Investors are demanding more than financial records these days.
Climate risks; sustainability; demands for a lower carbon footprint; impacts of climate change on productivity, employment, and society; are all being examined under a new environmental lens of accountability by investors and shareholders.
In its recent June 2019 Status Report, the Task Force on Climate-related Financial Disclosures (TCFD) emphasizes that because of the UN’s urgent call for people and businesses alike to make changes to meet the Paris Agreement goals, “governments and private-sector entities are considering a range of options for reducing global emissions, which could result in disruptive changes across economic sectors and regions in the near term.”
According to the report, “Companies that invest in activities that may not be viable in the longer term may be less resilient to risks related to climate change; and their investors may experience lower financial returns.”

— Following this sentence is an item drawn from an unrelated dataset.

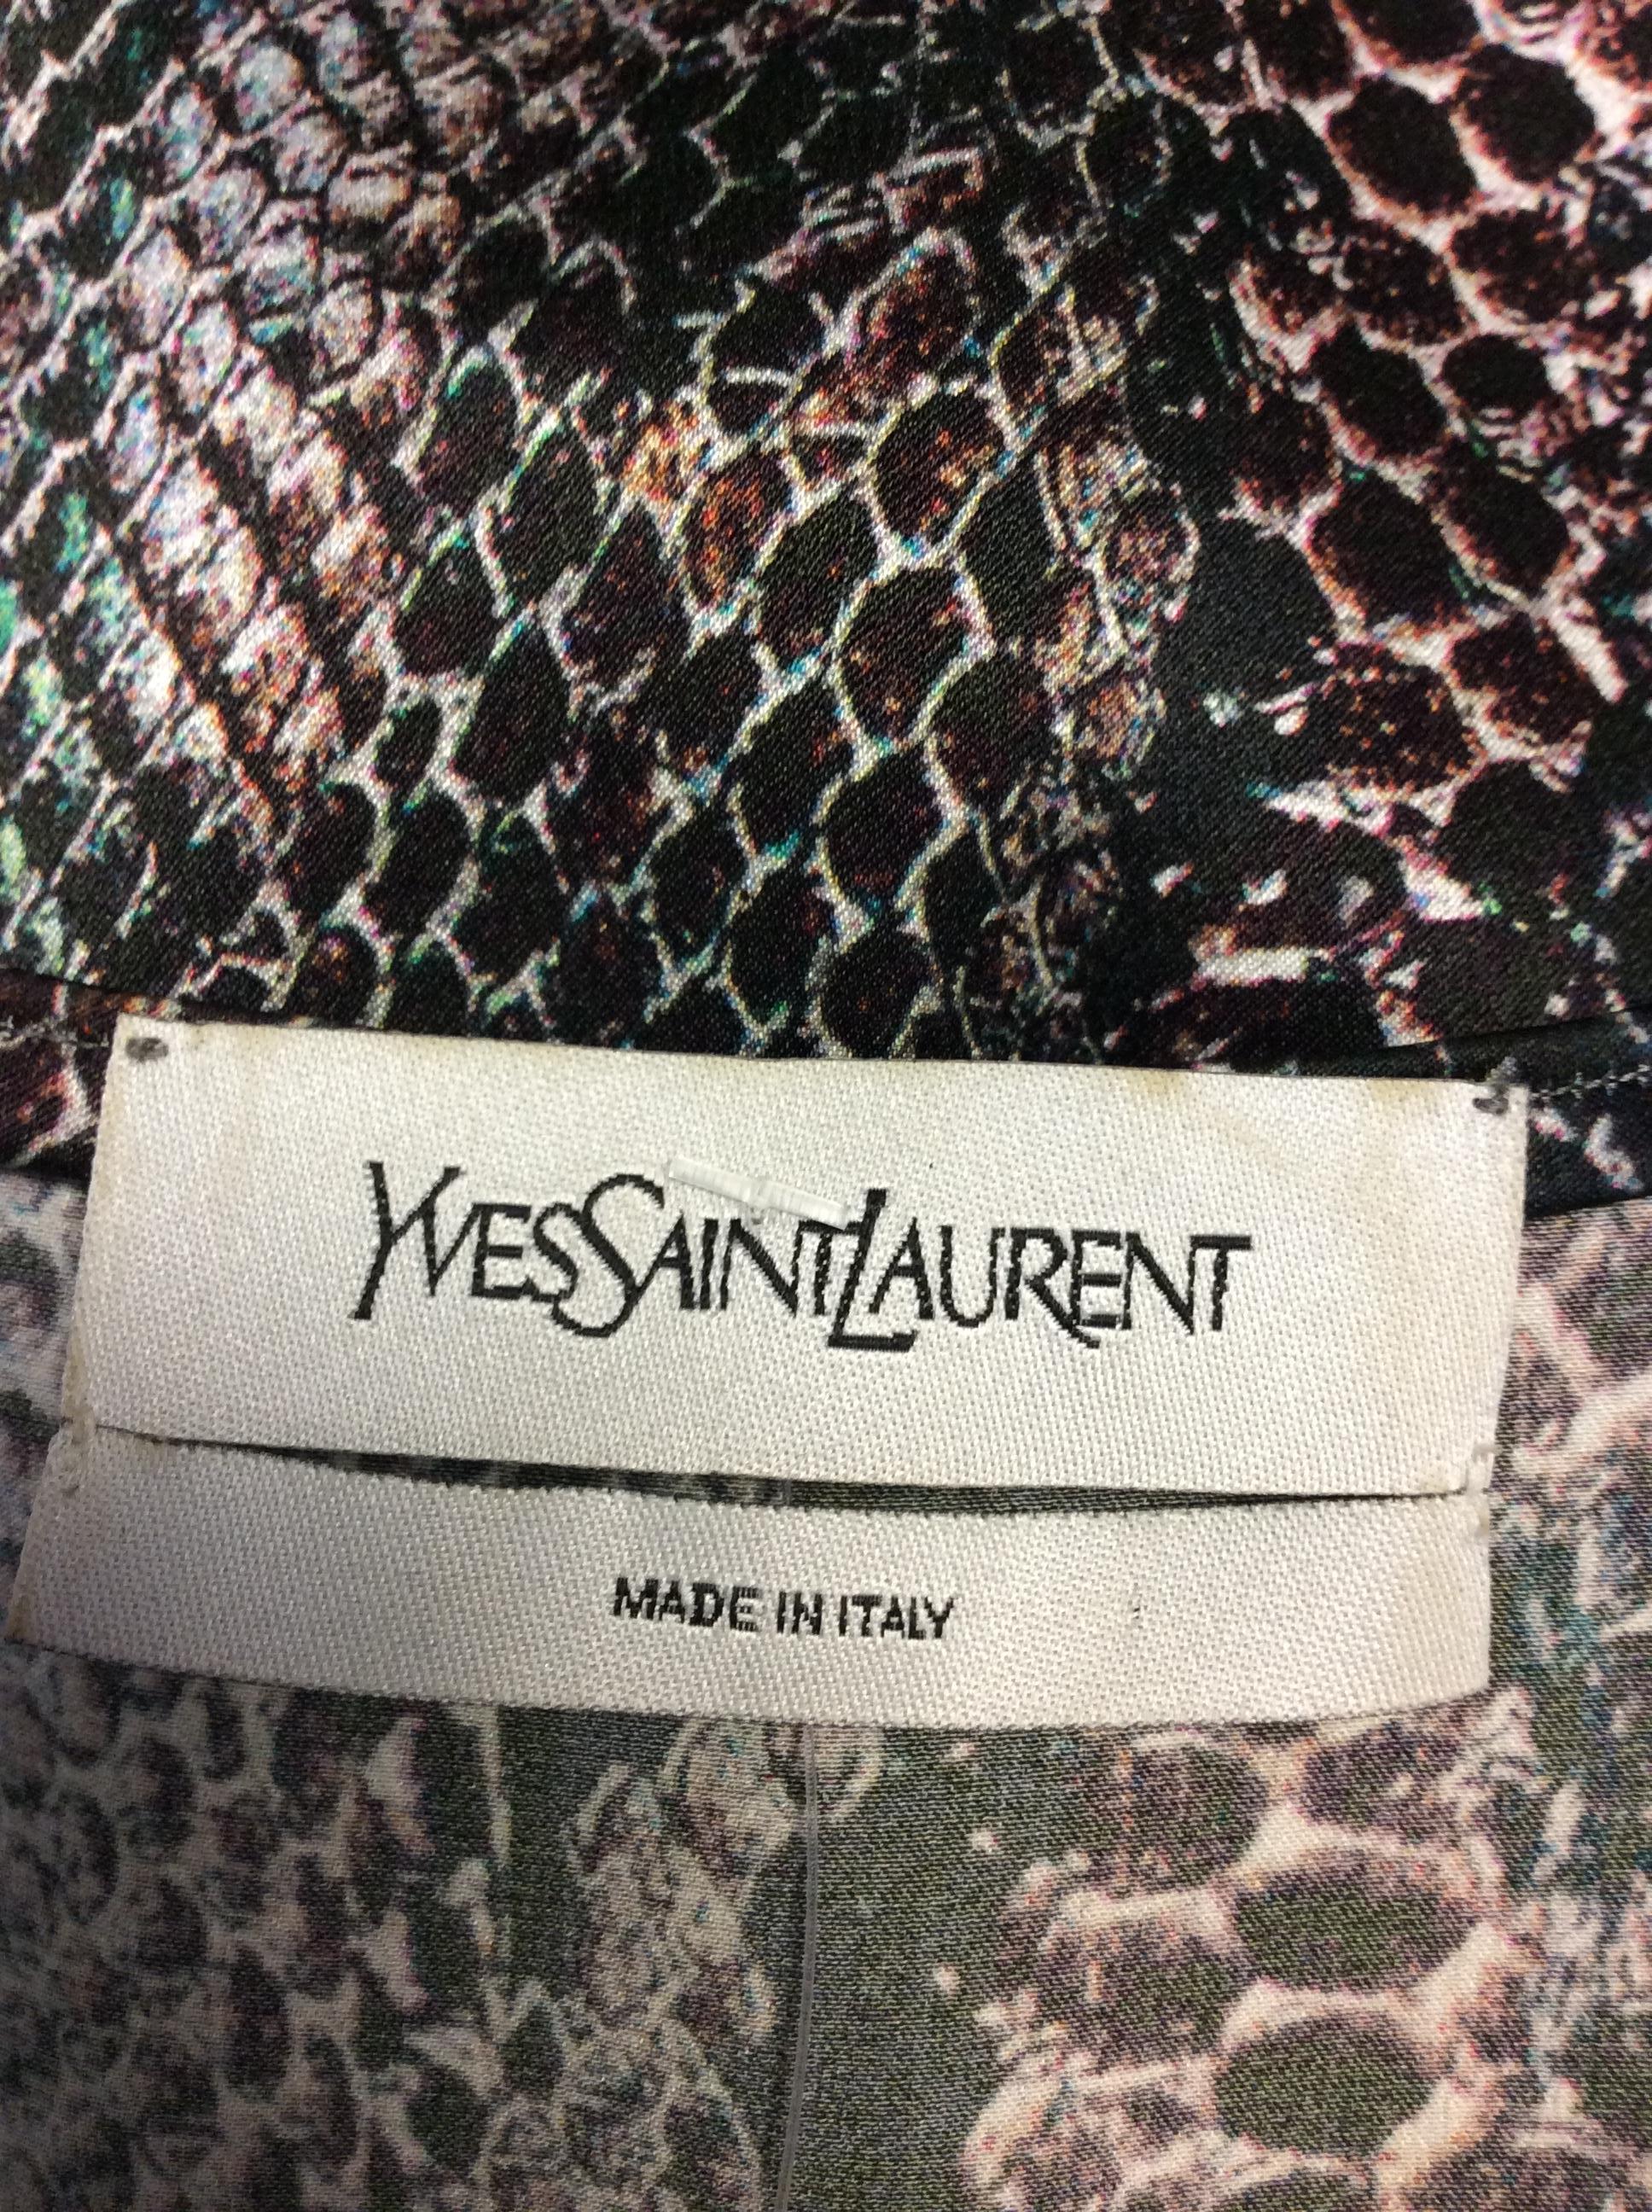 Yves Saint Laurent Snake Skin Print Silk Blouse For Sale 1

Two years ago at this time, the TCFD released recommendations which provided a framework for companies and other organizations to develop more effective climate-related financial disclosures through their existing reporting processes (See: https://www.fsb-tcfd.org/publications/).
Some companies thought “What a great idea!” and implemented changes immediately. Others dismissed the concept, thinking perhaps that climate change was more of a long-term consideration.
Well the future is now.
Shareholders and investors are holding businesses accountable. According to “Show Us Your Climate Risks, Investors Tell Companies,” a February 28, 2019 Wall Street Journal article by Gabriel T. Rubin, “Companies are projected to face a record of 75 or more climate-related shareholder proposals. This is up from just 17 in 2013, according to ISS Analytics, the data-intelligence arm of Institutional Shareholder Services.”
This is supported by an article from Mathew Nelson at EY Global Climate Change and Sustainability Services, who says that in addition to traditional finances, investors are scrutinizing a company’s environmental, social and governance (ESG) risk: “Investors report that, governance aspects aside, the main ESG factors in investment decision-making are related to supply chain, human rights and climate change risks. ESG has now become integral to the investment decision-making process and that is not going to change.”
Investors are demanding answers to questions such as:
- How is the business preparing for a lower-carbon economy?
- Is the company prepared for climate-related storms, tornados, floods, etc. to disrupt the supply chain, slow productivity, or challenge existing resources?
- What is the business doing to lessen its climate-change impact on society?
A Need for Standards
Climate risk reporting is definitely on the table. However mainstreaming the data into capital markets isn’t quite ready for prime time. The entire process requires a serious standardization overall before the information can be useful.
Emissions reported in different units or format, for example, can sound extremely good or bad depending on their presentation. This makes it nearly impossible to establish comparisons or to identify trends.
By the end of the year, the European Commission is expected to issue standardized non-financial reporting requirements using, in part, the TCFD guidelines.
In the United States, however, the need for climate disclosure doesn’t seem as urgent for some. Traditional energy-based companies seem to have an ally with the Trump administration and its appointees to the Securities and Exchange Commission.
David Hasemyer wrote in “Inside Climate News” that investors are actually worried about the “fossil-fuel sympathizers” inside the SEC. “Nearly two-thirds of the climate-related shareholder resolutions filed with publicly held energy and utility companies this year have been contested before the U.S. Securities and Exchange Commission…” In 2019 alone, the SEC has sustained 45% of the challenges, the highest percentage in the last five years, according to the article.
But this is only in the United States. Internationally, the Paris Agreement is still the Holy Grail of environmental responsibility.
It is only a matter of time when standardized climate-related risks and opportunities will become a natural part of a company’s risk management and strategic planning processes. That is if they want shareholders and savvy investors. One might as well get started today.